Thanks, for now I am having troubles compiling it correctly. Can someone drop a link to a Windows x64 executable (I have a Haswell) here? I will check the NTB3 on 5-men and 6-men positions, then some of its properties as those analysed in this thread.

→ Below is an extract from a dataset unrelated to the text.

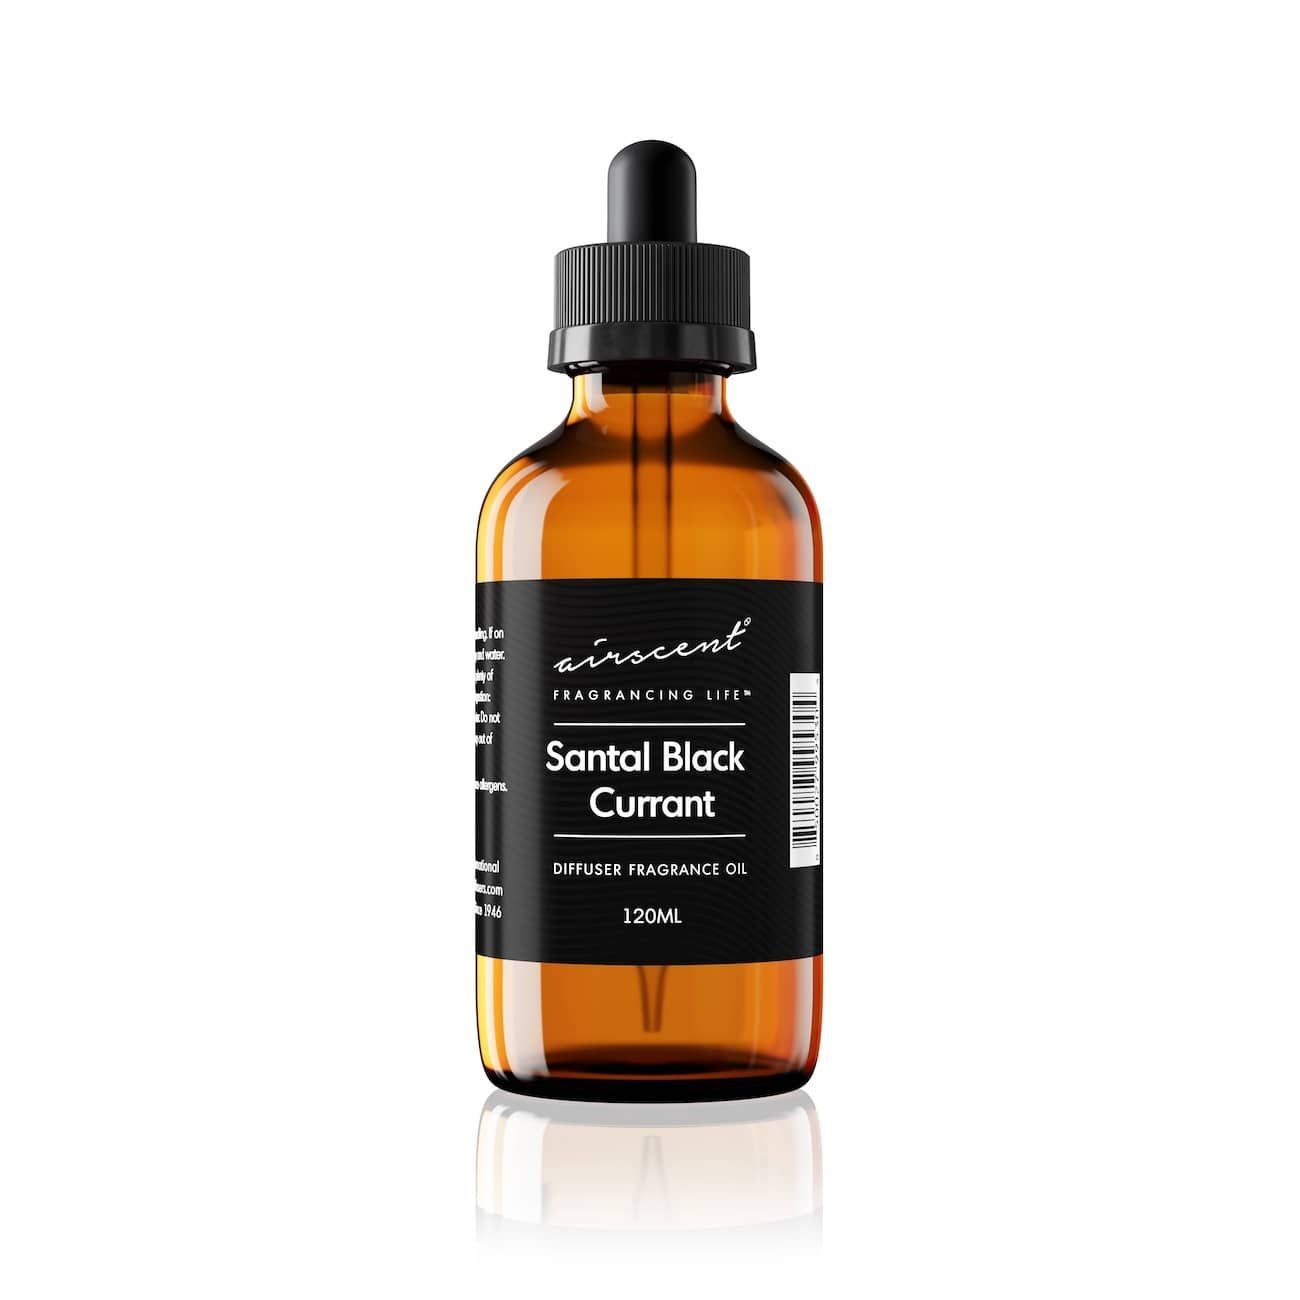 Santal Black Currant diffuser oil

By the way, recently, on my very tough 6-men suite of Wins, I got poor results with Stockfish TB-less. It won only 13/100 of them, while Komodo 25/100, a significant difference. Even Shredder was better.

Code: Select all

Games Completed = 2600 of 2600 (Avg game length = 21.522 sec)
Settings = Gauntlet/32MB/5000ms+150ms/M 600000cp for 1000 moves, D 120000 moves/EPD:C:\LittleBlitzer\Wins_6men_E308.epd(308)
Time = 8161 sec elapsed, 0 sec remaining
 1.  Stockfish 050917 64 BMI2 Master Syzygy-6	1886.0/2600	1309-137-1154  	(L: m=137 t=0 i=0 a=0)	(D: r=350 i=169 f=614 s=21 a=0)	(tpm=186.0 d=22.75 nps=1739073)
 2.  Stockfish 050917 64 BMI2 	55.0/200	13-103-84  	(L: m=103 t=0 i=0 a=0)	(D: r=16 i=6 f=60 s=2 a=0)	(tpm=217.0 d=25.62 nps=2254423)
 3.  Komodo 11.2.2 64-bit     	62.5/200	25-100-75  	(L: m=100 t=0 i=0 a=0)	(D: r=32 i=7 f=34 s=2 a=0)	(tpm=207.1 d=20.12 nps=1985559)
 4.  Houdini 5.01 Pro x64-popc	57.0/200	14-100-86  	(L: m=100 t=0 i=0 a=0)	(D: r=34 i=13 f=36 s=3 a=0)	(tpm=216.5 d=17.72 nps=2489475)
 5.  Deep Shredder 13 x64     	58.0/200	16-100-84  	(L: m=100 t=0 i=0 a=0)	(D: r=30 i=10 f=42 s=2 a=0)	(tpm=192.1 d=22.38 nps=2792983)
 6.  Andscacs 0.92            	56.0/200	12-100-88  	(L: m=100 t=0 i=0 a=0)	(D: r=17 i=1 f=70 s=0 a=0)	(tpm=190.9 d=0.00 nps=1999985)
 7.  Fire 5 x64               	54.5/200	11-102-87  	(L: m=102 t=0 i=0 a=0)	(D: r=40 i=16 f=27 s=4 a=0)	(tpm=204.7 d=17.49 nps=2335855)
 8.  Booot 6.2_x64            	53.0/200	7-101-92  	(L: m=101 t=0 i=0 a=0)	(D: r=49 i=10 f=33 s=0 a=0)	(tpm=211.0 d=21.34 nps=971014)
 9.  Gull 3 x64               	53.0/200	6-100-94  	(L: m=100 t=0 i=0 a=0)	(D: r=22 i=23 f=49 s=0 a=0)	(tpm=223.2 d=15.17 nps=2502083)
10.  Fritz 15                 	56.0/200	12-100-88  	(L: m=100 t=0 i=0 a=0)	(D: r=12 i=24 f=52 s=0 a=0)	(tpm=226.2 d=19.29 nps=1143153)
11.  Fizbo 1.9                	50.0/200	0-100-100  	(L: m=100 t=0 i=0 a=0)	(D: r=36 i=28 f=36 s=0 a=0)	(tpm=223.9 d=16.72 nps=1991796)
12.  Hannibal 1.7 x64         	50.5/200	4-103-93  	(L: m=103 t=0 i=0 a=0)	(D: r=15 i=17 f=60 s=1 a=0)	(tpm=200.4 d=21.93 nps=2171275)
13.  Texel 1.07a27            	53.5/200	7-100-93  	(L: m=100 t=0 i=0 a=0)	(D: r=28 i=10 f=53 s=2 a=0)	(tpm=218.9 d=13.26 nps=2071925)
14.  Hakkapeliitta TCEC       	55.0/200	10-100-90  	(L: m=100 t=0 i=0 a=0)	(D: r=19 i=4 f=62 s=5 a=0)	(tpm=227.5 d=24.12 nps=3496192)
User avatar
Laskos
Posts: 10948
Joined: Wed Jul 26, 2006 10:21 pm
Full name: Kai Laskos

Re: Stockfish Natural TB loses heavily to Stockfish master

Post by Laskos »

mcostalba wrote:Ok, here is my next attempt:

https://github.com/mcostalba/Stockfish/archive/NTB3.zip

I have extensively tested on 5-men and it works for me, it keeps the draws, converts the wins and is supposed to avoid silly sacrifices (although on 5-men testing this is limited).
Ipman sent me a good and reliable compile . On hard 6-men Wins with 6-men TBs, NTB3 plays perfectly:

Score of SF_Master vs SF_NTB3: 308 - 308 - 0 [0.500] 616
ELO difference: 0.00 +/- 27.45
Finished match

With draws, it plays perfectly too. Good start!

Later I will test on the length of the path to win compared to early_mate2 (the best TB implementation on this for SF as of now), number of Mates resolved and "silliness" of the play as subjectively quantified by me.